Os policiais disseram que ele estava agindo de forma irregular quando invadiram a casa, pois o encontraram ajoelhado em frente a um piano e batendo nas teclas.
Os policiais disseram que entraram na cela de Hoyos-Munoz para algemá-lo para sua própria segurança quando ele agia de forma irregular.
Hoyos-Munoz foi presa dois dias antes de sua morte, em 13 de julho, por supostamente esfaquear sua mãe e um parente.
Hoyos-Munoz foi deixado sozinho em sua cela e pouco tempo depois os policiais disseram que o encontraram inconsciente e sem respirar.
Ele foi tratado no hospital por exposição a gás lacrimogêneo antes de ser levado sob custódia.
Nas imagens divulgadas pelo LAPD, ele inicialmente estava calmo ao entrar nas instalações, mas ficou agitado quando foi colocado em sua cela.
Um porta-voz do LAPD disse que os policiais entraram na cela para algemar Hoyos-Munoz para sua própria segurança, e as imagens mostraram vários policiais sentados em cima dele e batendo nele enquanto ele lutava contra eles.
O porta-voz disse que três policiais sofreram ferimentos leves durante o confronto caótico.
O preso foi colocado de bruços quando tentou subir em um vaso sanitário, disse o porta-voz.
Imagens de dentro da cela mostraram Hoyos-Munoz parecendo imóvel enquanto estava sozinho na cela, mas as autoridades disseram que a polícia o examinou durante os 20 minutos seguintes e que ele estava “respirando e mostrando sinais de vida”.
Depois de algum tempo ele foi encontrado inconsciente.
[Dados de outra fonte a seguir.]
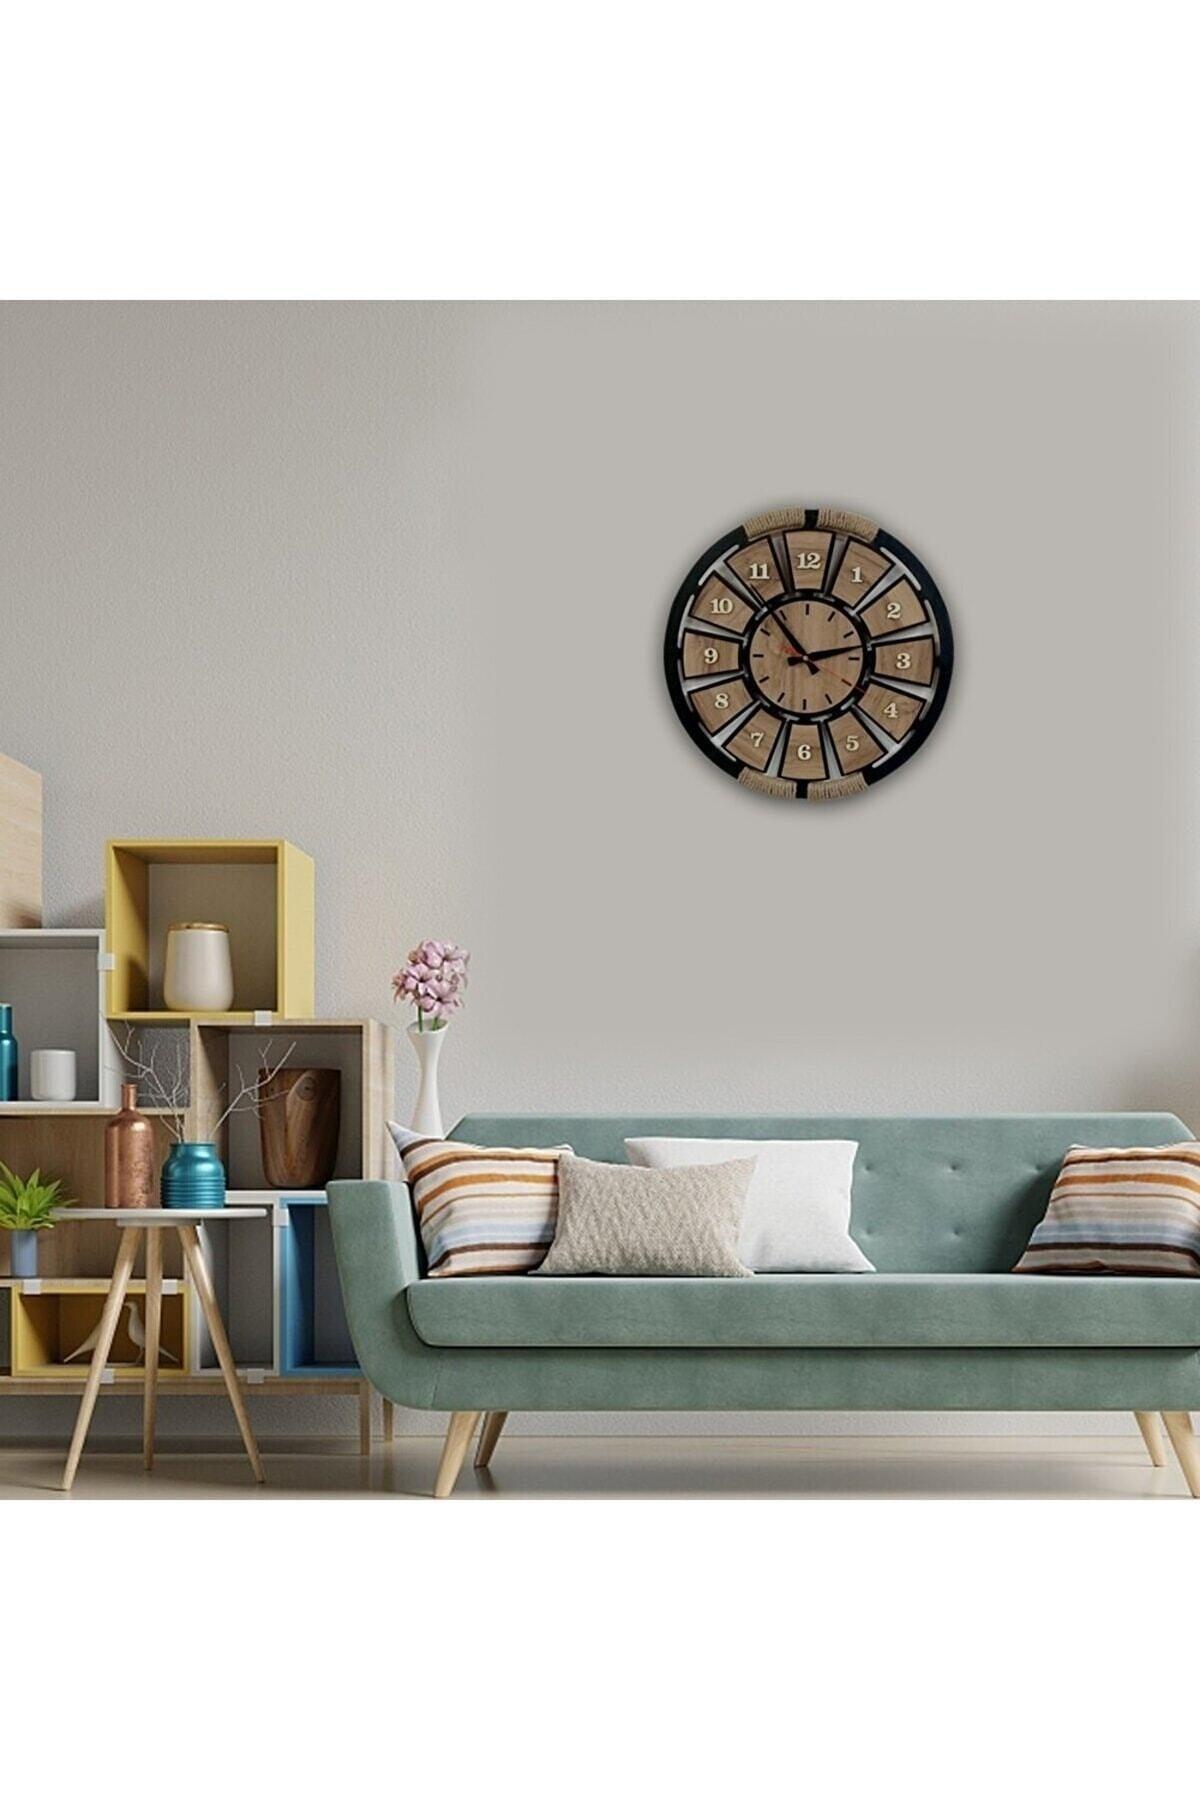 Decorative Analog Wall Clock with Wooden Rope - Swordslife
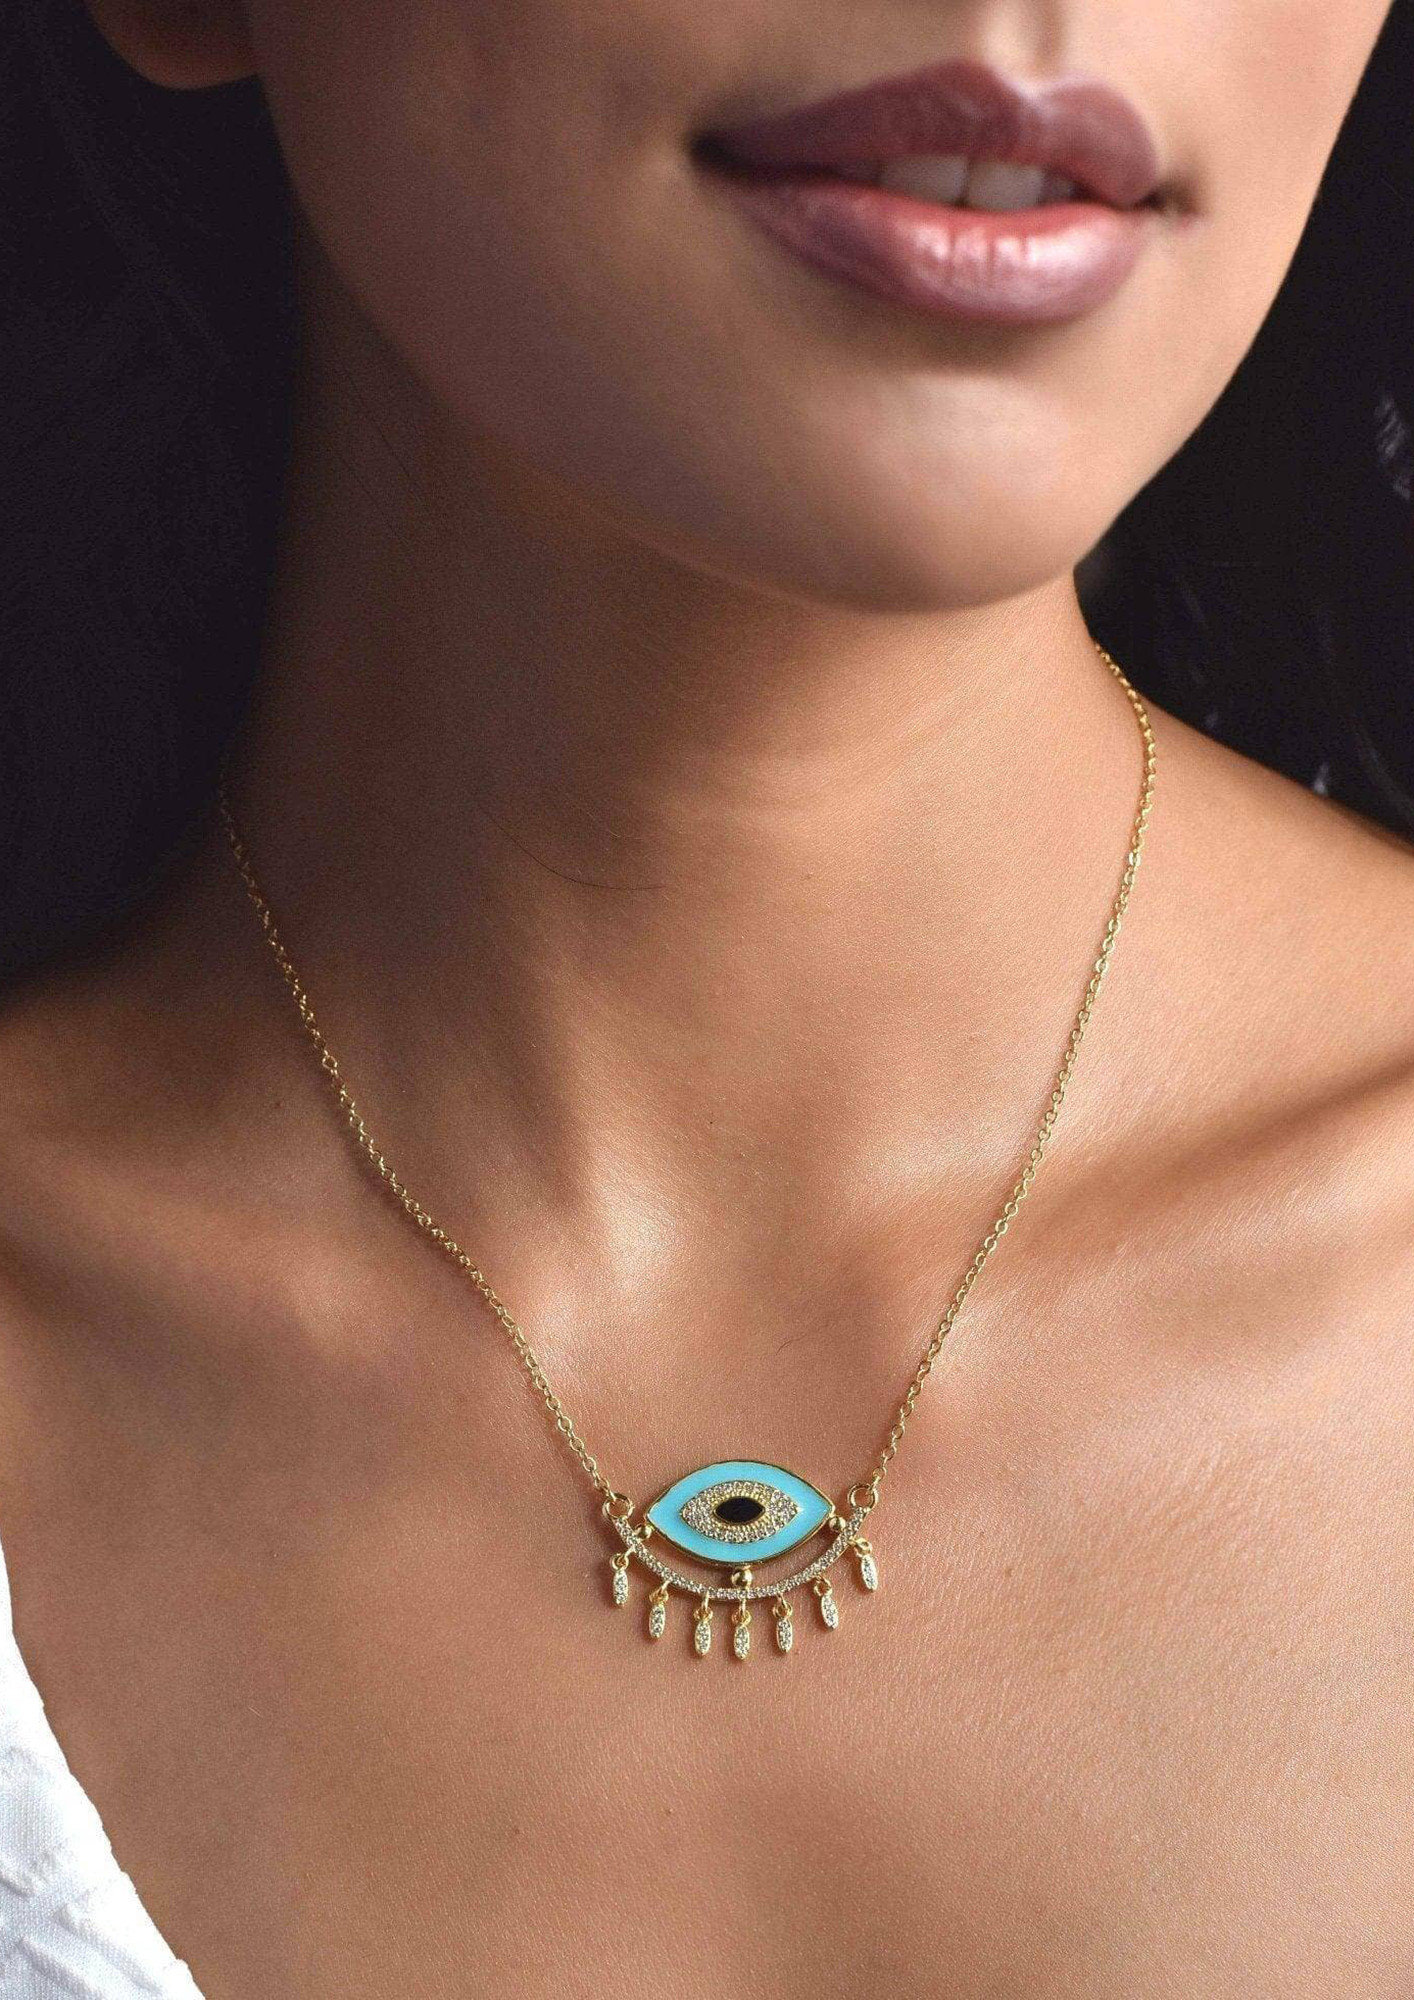 Isabella M Rainbow Stone Evil Eye Necklace Gold Plated Over Brass | eBay

A causa e a forma de sua morte ainda não foram determinadas por um médico legista.
A prefeita de Los Angeles, Karen Bass, disse que em resposta estava emitindo uma ordem executiva para uma revisão independente das mortes relacionadas a policiais no LAPD, com foco especial em “indivíduos que possam estar passando por crises de saúde mental”.
No tiroteio policial contra Garcia, também revelado esta semana, o homem de 33 anos estaria agindo de forma irregular perto do viaduto da rodovia 10, em Los Angeles.
Os policiais foram enviados após relatos de que Garcia estava andando pela rua com um taco de beisebol e quebrando janelas de carros, disseram autoridades.
A polícia então confrontou Garcia enquanto ele caminhava no trânsito e não respondeu quando recebeu ordem de largar o bastão, disse um porta-voz.
Ele então se aproximou dos policiais e agarrou o bastão com as duas mãos, levando os policiais a atirar.
O Daily Mail entrou em contato com o LAPD para comentar.